Talk Notes | Data-Centric AI

Overview

The following notes are the data-centric AI IAP course notes from MIT; Independent Activities Period (IAP) is a special four-week semester of MIT. The standard time for each lecture is 1 hour.

Lecture 1 – Data-Centric AI vs. Model-Centric AI

  • It is not hard to design fancy models and apply various tricks on the well curated data. However, these models and tricks do not work for real-world data if we do not explicitly consider the real-world complexities and take them into account. Therefore, it is important to focus on data rather than model.

    It turns out there are pervasive label errors on the most cited test sets of different modalities, including text, image, and audio. They could be explored in labelerrors.com.

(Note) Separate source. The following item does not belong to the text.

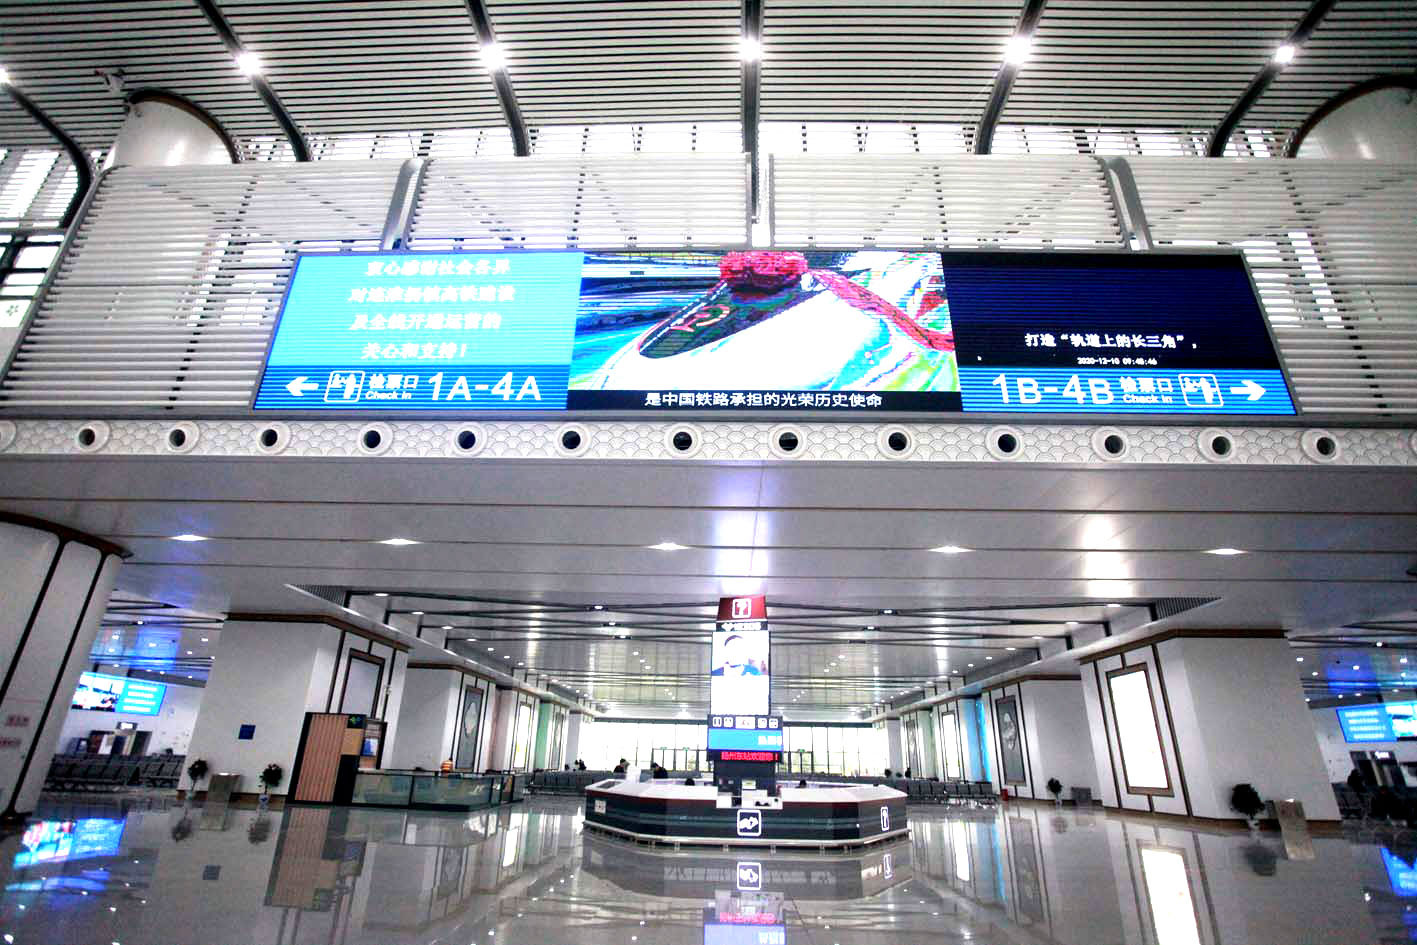 连淮扬镇铁路今正式开通运营 扬州全域迈入“高铁时代”

  • To understand why data is important, we could think about kNN algorithm. The accuracy of kNN is purely based on the quality of datasets. However, the kNN is not a data-centric algorithm because it does not modify the labels.
  • Two Goals of Data-Centric AI

    Rather than modifying loss function, doing HPO, or changing the model itself, we do either of the following:

    • Designing an algorithm that tries to understand the data and using that information to improve the model. One such example is curriculum learning by Yoshua Bengio; in curriculum learning, the data is not changed but its order is shuffled.
    • Modifying the dataset itself to improve the models. For example, the confident learning (i.e., removing wrong labels before training the model) studied by Curtis Northcutt.
  • What are NOT Data-Centric AI and Data-Centric AI Counterpart

    • Hand-picking data points you think you will improve a model. \rightarrow Coreset Selection.
    • Doubling the size of dataset. \rightarrow Data Augmentation. For example, back-translation for texts, rotation and cropping for images. However, we need to first fix label errors before augmenting the data.
  • Typical Examples of Data-Centric AI

    Curtis Northcutt cites Andrew Ng and other sources on the importance of data in machine learning ([1] through [3]). Here are some examples of data-centric AI:

    • Outlier Detection and Removal. However, this process relies on a validation process on which threshold to choose.
    • Label Error Detection and Correction
    • Data Augmentation
    • Feature Engineering and Selection. For example, solving XOR problem by adding a new column.
    • Establishing Consensus Labels during Crowd-sourcing.
    • Active Learning. I want to improve 5% accuracy on the test set but I could afford as little new annotated data as possible.
    • Curriculum Learning.
  • Data-Centric AI Algorithms are Often Superior to Model-Centric Algorithms

    The model centric approaches (i.e., training less on what a model believes are the bad subset of data) is a much worse idea than the data-centric approach (i.e., confident learning).

image-20231106162934431

  • Root-Causing the Issues – Models or Data
    • The model should perform well on the slices of data. Slicing means not only sampling data to a smaller number but also reducing the number of classes from a large number to a very small number. For example, rather than classifying images to 1000 classes, we only focus on performance on two classes.
    • The model should perform similarly on similar datasets (for example, MNIST datasets and other digits dataset).

Lecture 2 – Label Errors

Notation

Notation Meaning Note
$\tilde{y}$ Noisy observed label
$y ^ *$ True underlying label
$\mathbf{X} _ {\tilde{y} =i, y ^ {*} = j}$ A set of examples whose true label is j but they are mislabeled as i.
$\mathbf{C} _ {\tilde{y} =i, y ^ {*} = j}$ The size of the dataset above.
$p(\tilde{y} =i, y ^ {*} = j)$ The joint probability of label i and label j; it could be estimated by normalizing \mathbf{C}; it is indeed dividing each entry by the sum of all entries in the matrix \mathbf{X}.
$p(\tilde{y} =i\vert y ^ {*} = j)$ The transition probability that the label j flips to label i; it could also be called flipping rate.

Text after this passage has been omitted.